Blake made no mistake; he would have been aware of the dismal reality of the lives of the young sweeps. The companion piece he wrote later is neither a mea culpa nor a correction; the poems are written from perspectives that differ—or are, as Blake might have it, “contraries.”” At any stage, Blake would have questioned the conventional piety that “a loving paternal God would protect all who were good.””
Throughout, Higgs rightly and persuasively emphasizes the primacy and power of the imagination in Blake’s work — “I question not my Corporeal or Vegetative Eye any more than I would Question a Window concerning a Sight I look thro it & not with it” — which makes his insistently literal readings of many of Blake’s writings perplexing. His analysis of the “Proverbs of Hell” in “The Marriage of Heaven and Hell” reveals the same resistance to irony seen in his readings of “Songs of Innocence.” Blake read Milton deeply, if idiosyncratically, and gleaned from “Paradise Lost,” among other things, that Satan can really be a hoot. Blake “is not saying that there is no difference between heaven and hell,” Higgs tells us, nor “is he arguing that they are both as bad as each other. He writes very clearly that: ‘Good is Heaven. Evil is Hell.’” Again, the clipped diction — and blunt, declarative cheek — of those lines might lead other readers to another conclusion.
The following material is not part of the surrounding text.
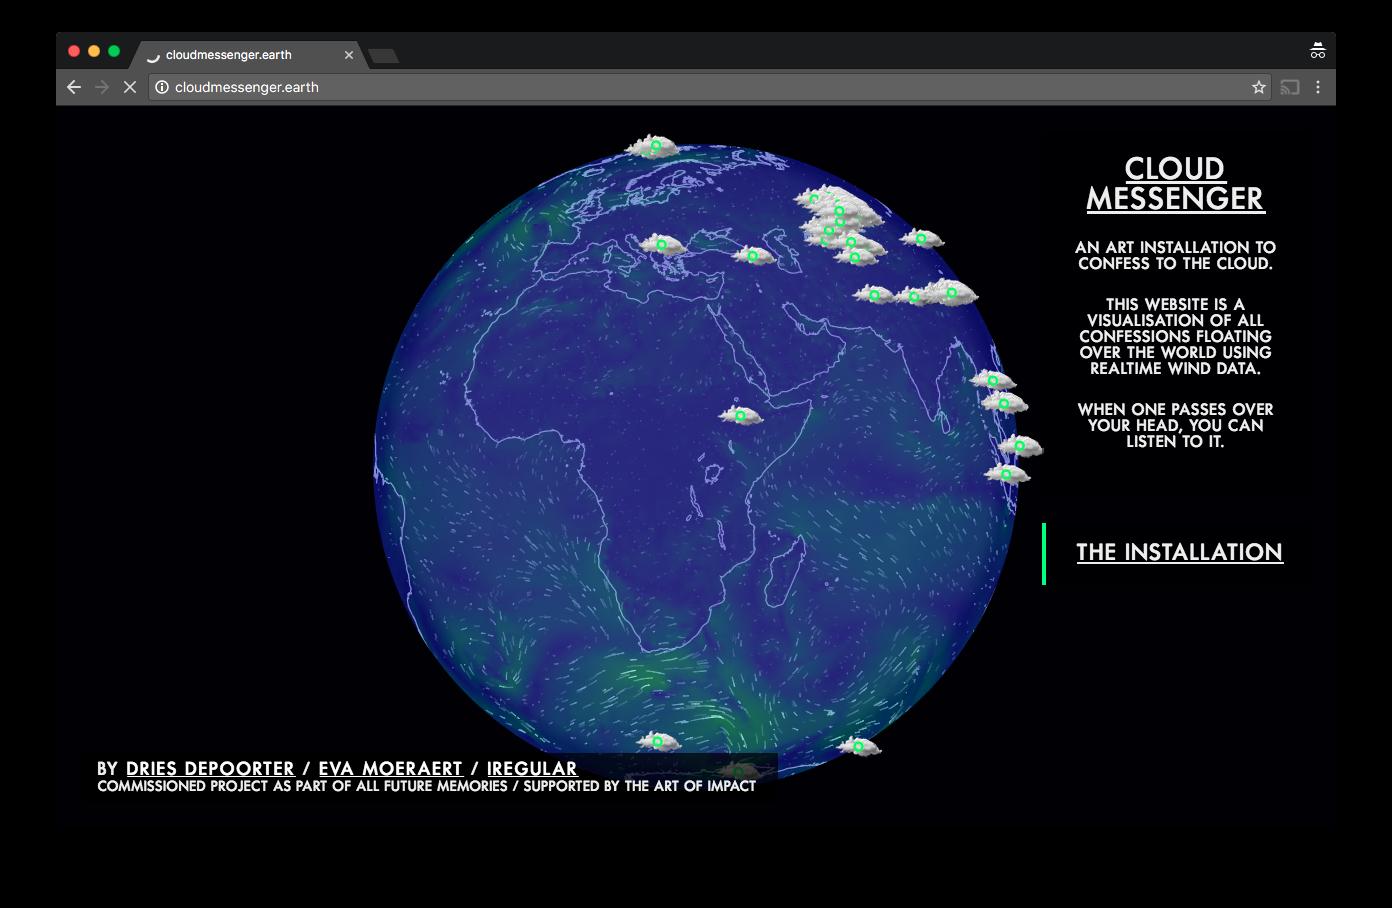 dries-depoorter-cloud-messenger-website-01

Higgs is more convincing when writing about Blake’s knotty and paradoxical views on the natural world, and when he underscores the essential, pervasive sexuality in Blake’s output. His own project is Blakean in at least one respect: It is the production of a busy and open mind. At times, his protracted ruminations on sciences and philosophies took me farther from Blake rather than closer to him, and his profusion of pop-culture pings (the Beatles, David Bowie, Pharrell Williams, Kanye West, even Billy Joel all show up) felt superfluous. (“Enough! or Too much,” goes the end of the “Proverbs of Hell.”)
At other times, it was fun to witness Higgs’s cogs turning, to hear his thoughts ricocheting against the walls of his internal archive of affinities, allusions and absorptions. His tone is measured, but Higgs does not cease from mental fight in his earnest quest to understand and explain a mind that, he writes, is perhaps “too big a mind for us to ever properly grasp.” Maybe that’s why, when I came to the end of his book, I felt I’d learned more about the mind of John Higgs than that of William Blake.